## [Data shown]
══════════════════════════════
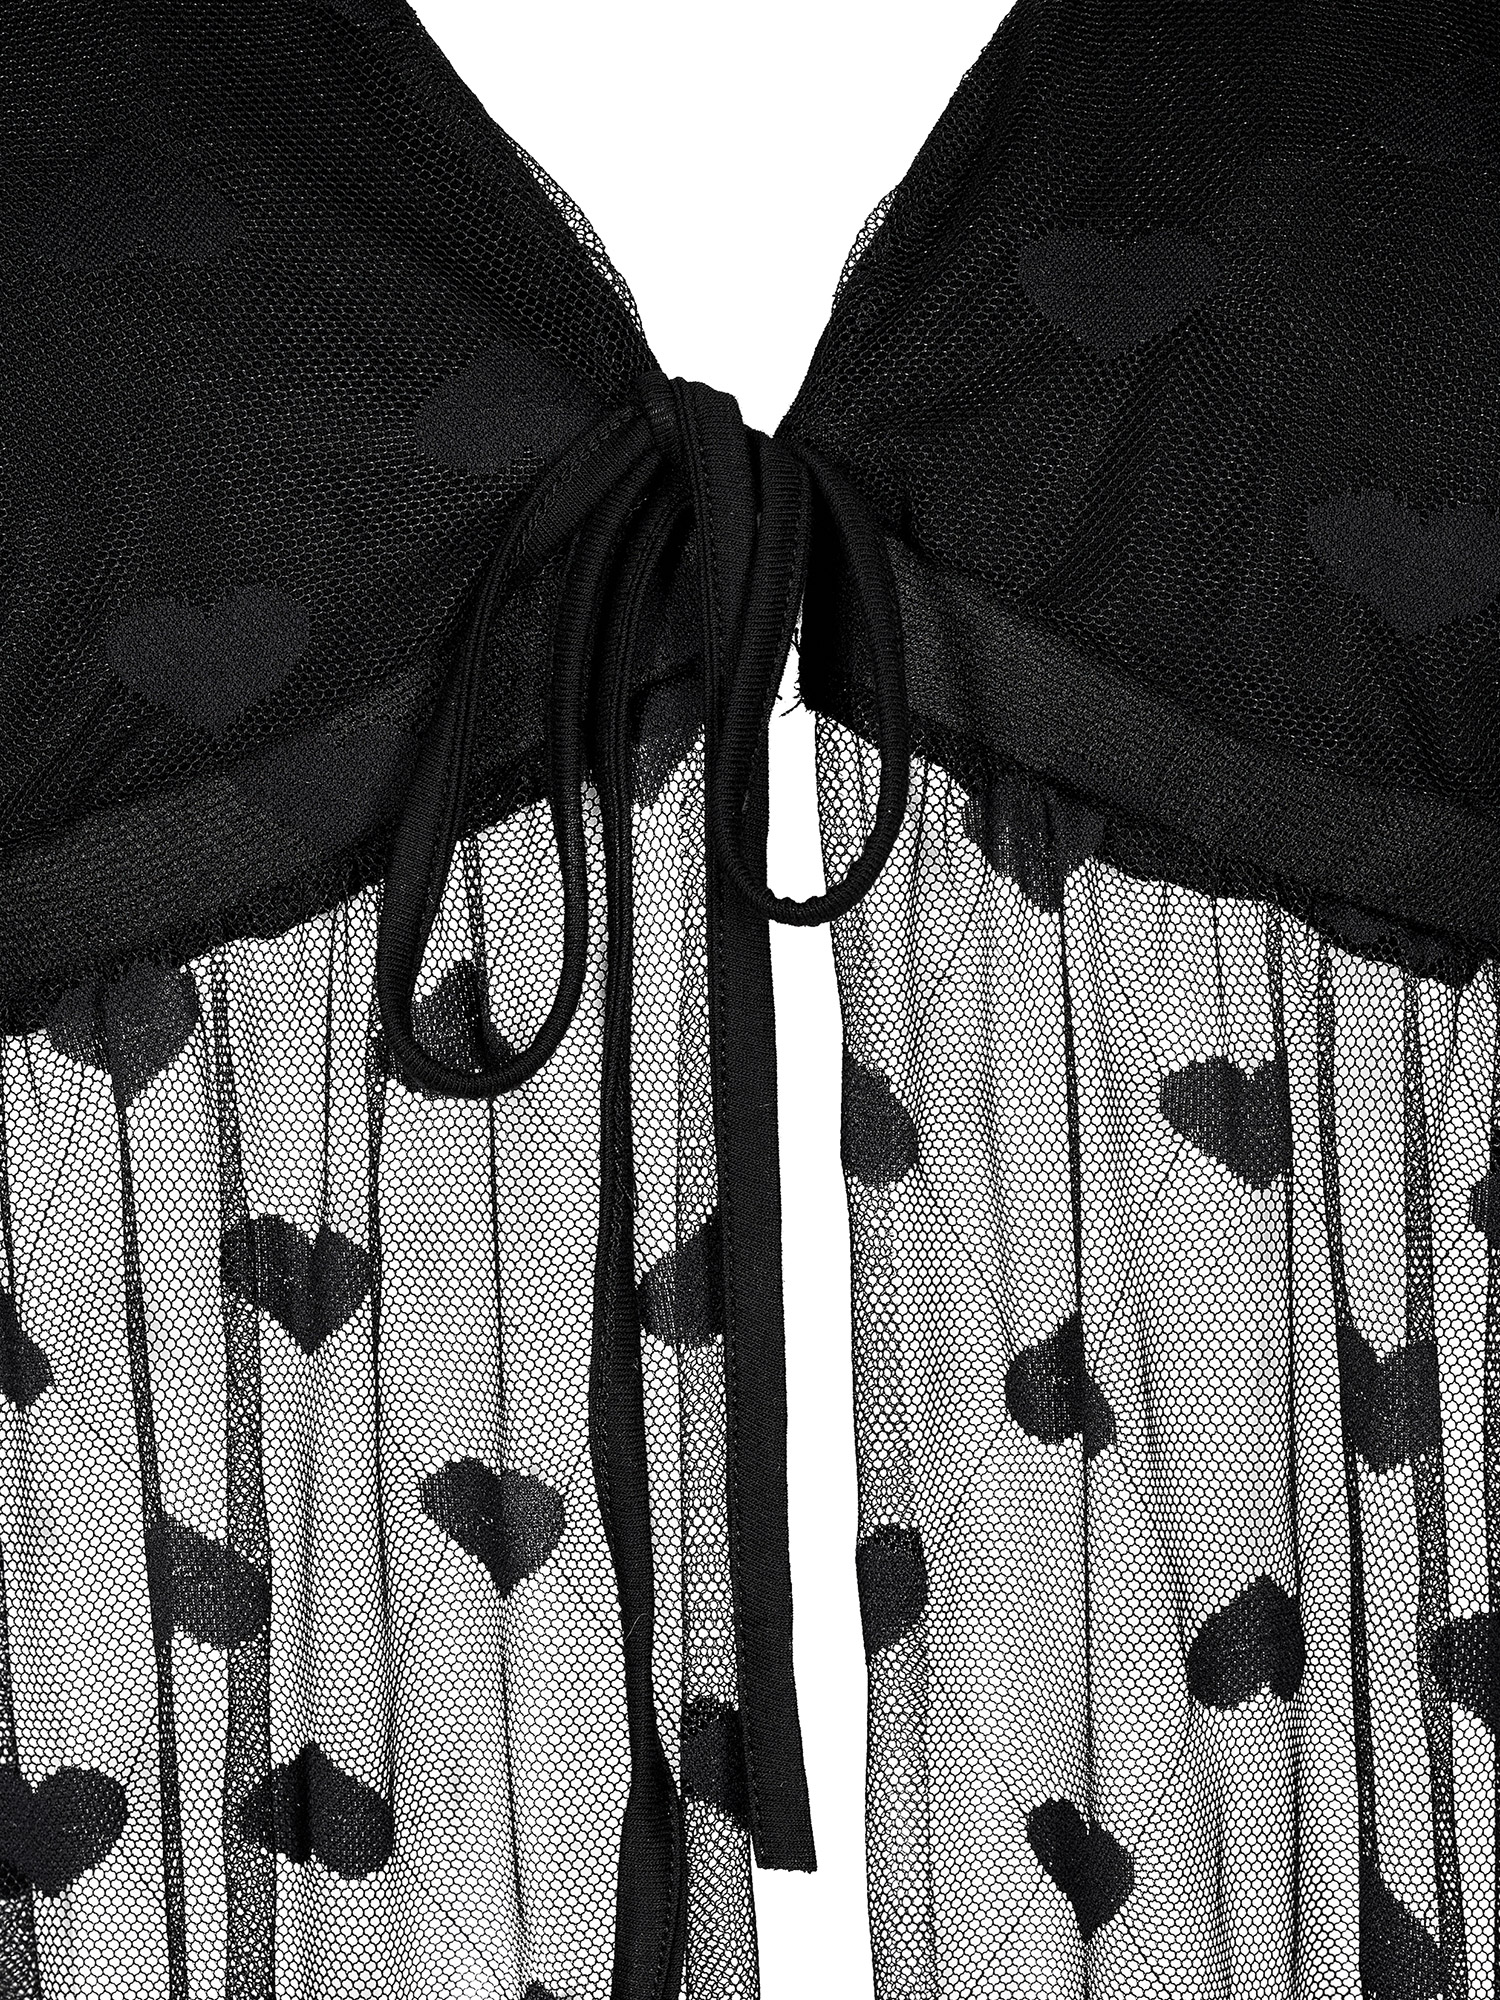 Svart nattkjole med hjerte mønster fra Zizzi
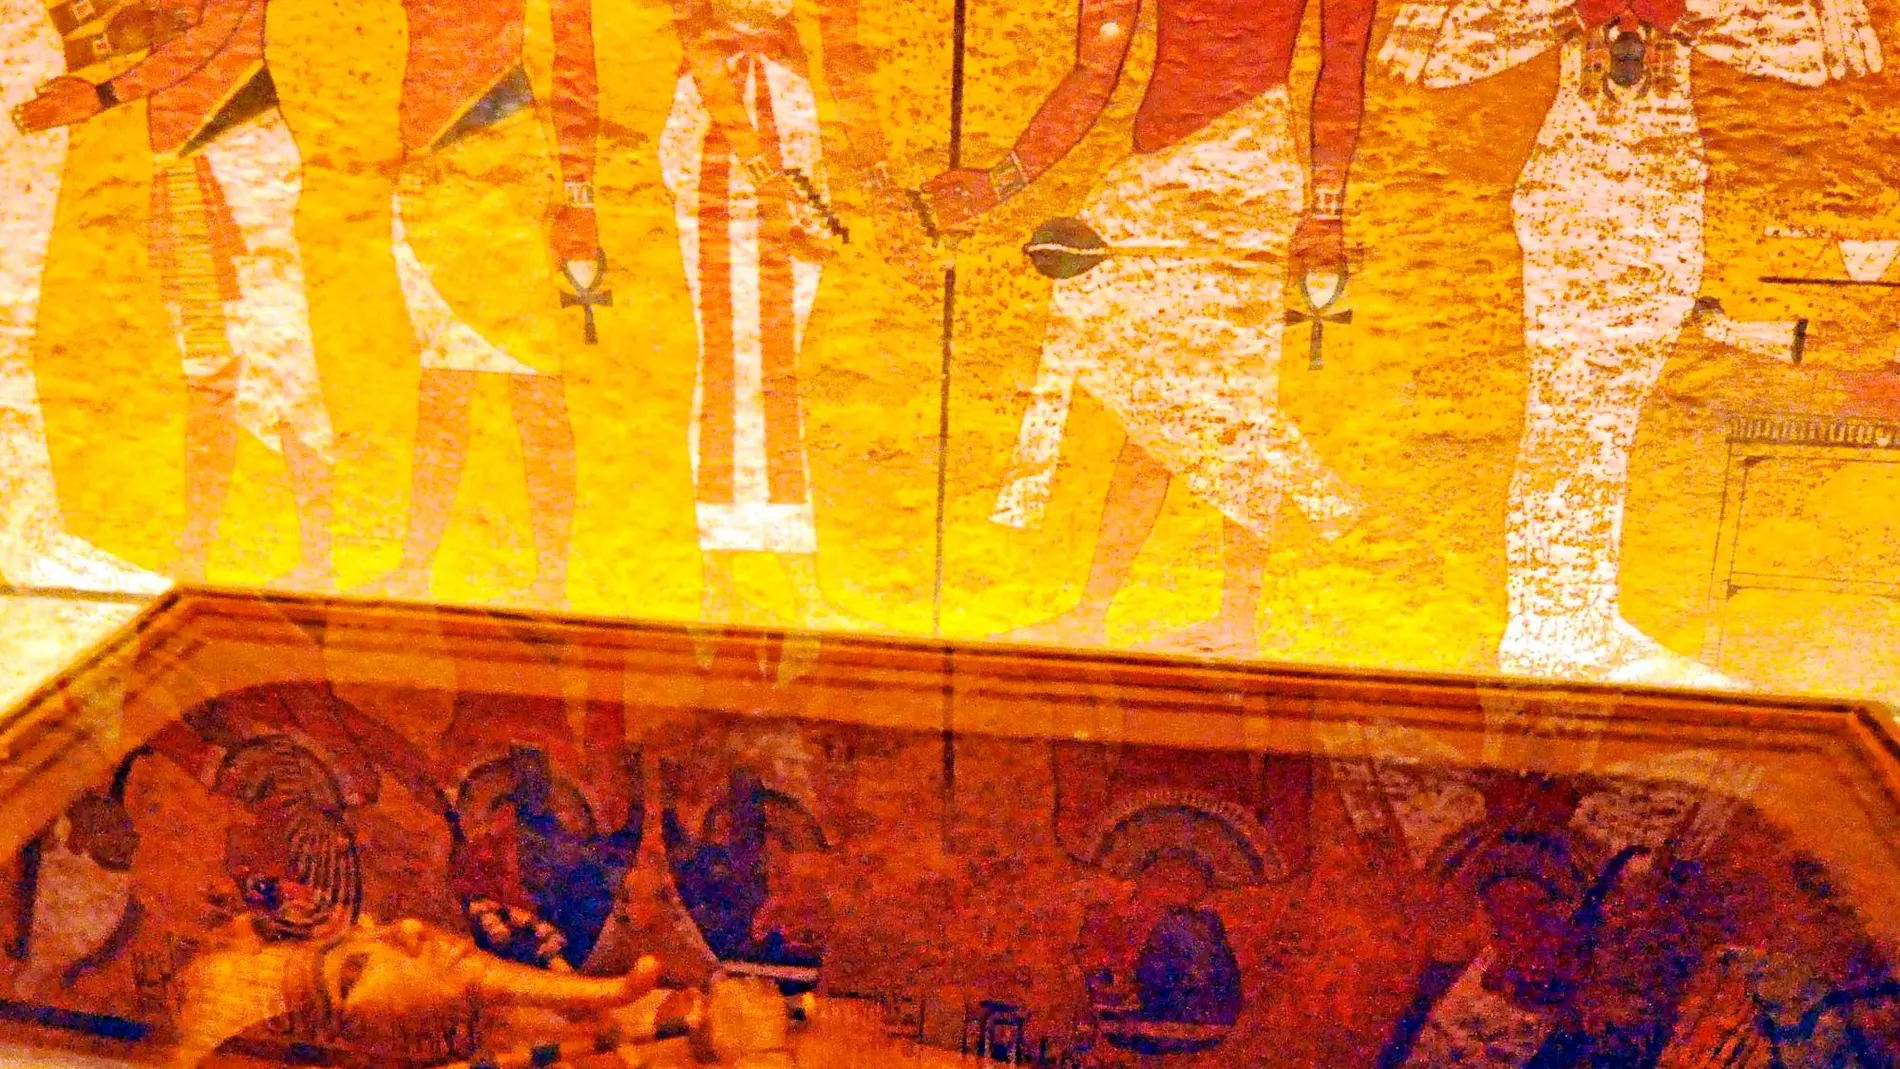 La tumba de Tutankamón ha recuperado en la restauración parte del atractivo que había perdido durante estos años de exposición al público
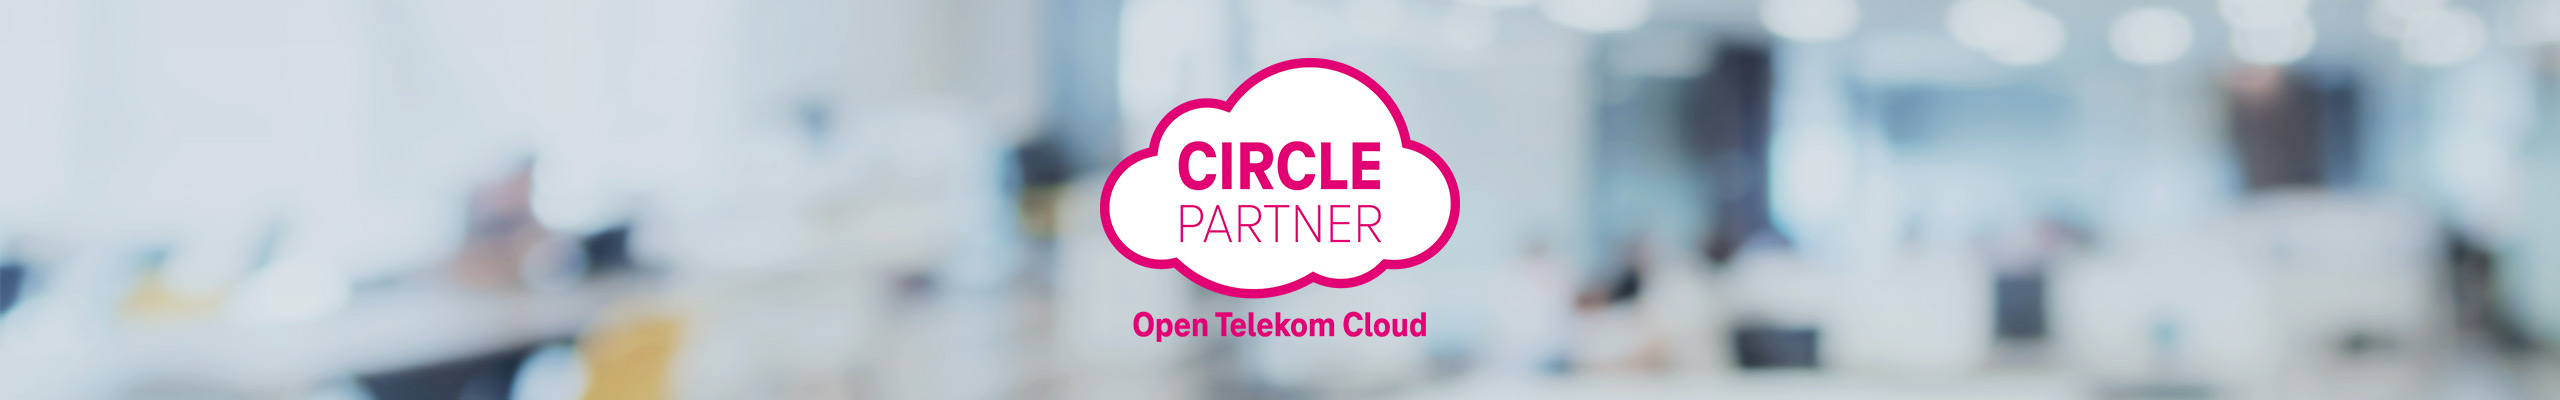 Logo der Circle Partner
══════════════════════════════
Keep the pictures out while you retype all of the data above exactly as it appears.

 Svart nattkjole med hjerte mønster fra Zizzi
 La tumba de Tutankamón ha recuperado en la restauración parte del atractivo que había perdido durante estos años de exposición al público
 Logo der Circle Partner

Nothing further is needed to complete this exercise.